Предложения по «укреплению морали», пожалуй, занимают главное место в инструкциях Хэнвея: рекомендованы ежедневные наставления женщин в религии, доступ к благочестивым книгам, возможность обучения грамоте для невежественных, необходимость выучить ряд молитв (независимо от того, умеет ли женщина читать). Хэнвей вводит понятие рефлексии (самосозерцания), и наставлений и увещеваний, чтобы рефлексию вызвать. Успех плана, – уверен публицист, – напрямую зависит от «количества и качества» задействованных в нем священнослужителей, а также от желания властей кардинально реформировать систему уголовного правосудия. Умелый священник должен «донести мысль о приготовлении к вечной жизни и страхе вечных мучений», тогда заключение «вызовет глубокие перемены в сердце… слезы искреннего покаяния» [795].
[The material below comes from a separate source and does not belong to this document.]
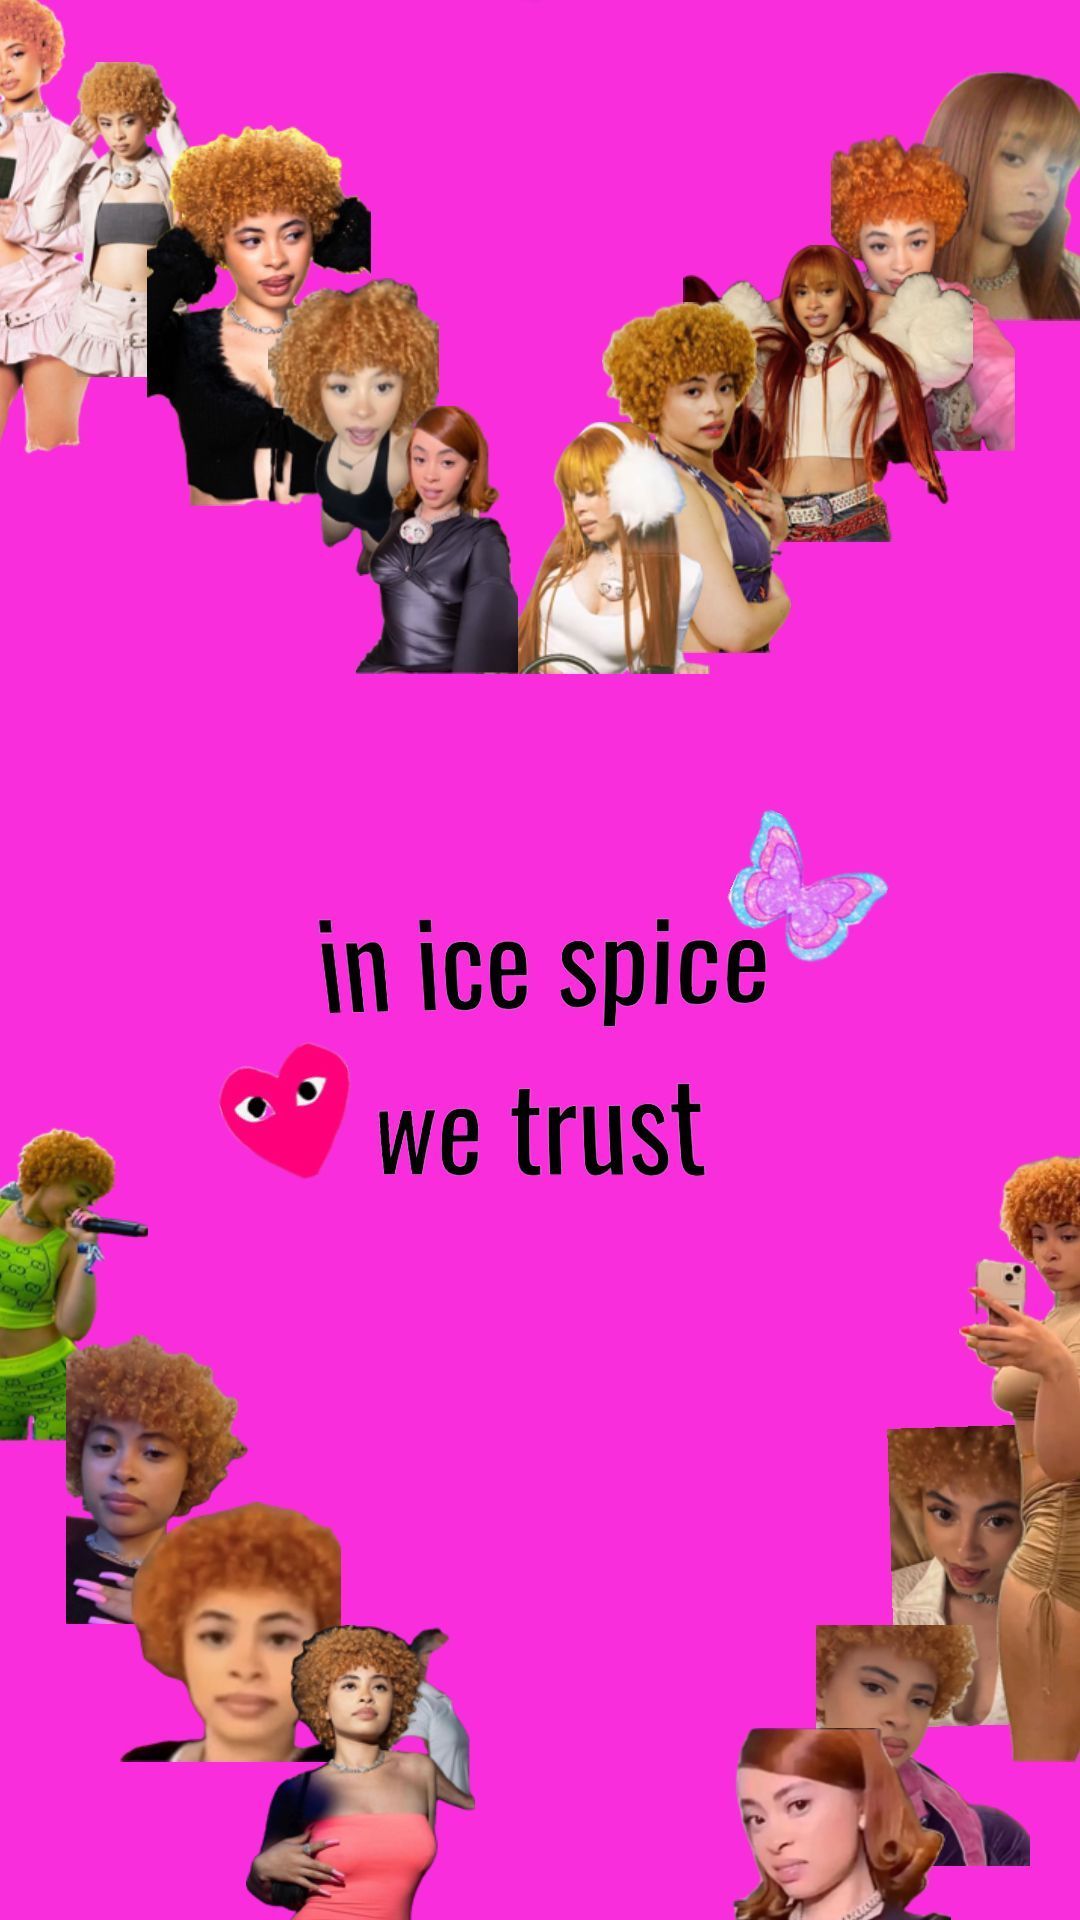 In ice spice we trust - Ice Spice

Развивая мысль о целительном для души самосозерцании, Джонас Хэнвей говорит о том, что предложения, составленные им для узниц Брайдуэлла, подойдут и для мужчин «порочного нрава». Презентуя свой проект новой тюрьмы, основанной на принципе одиночного содержания, просветитель уверяет, что ради этого эксперимента «готов рискнуть своей репутацией, так как убежден, что страх перед виселицей или высылкой не является более действенным средством предотвращения преступлений» [796]. Зрелище смертной казни, – убежден Хэнвей, – вызывает сиюминутные ощущения, которые впоследствии сводятся к пониманию того, что все люди смертны. Человек – существо движимое не только разумом, но и страстями.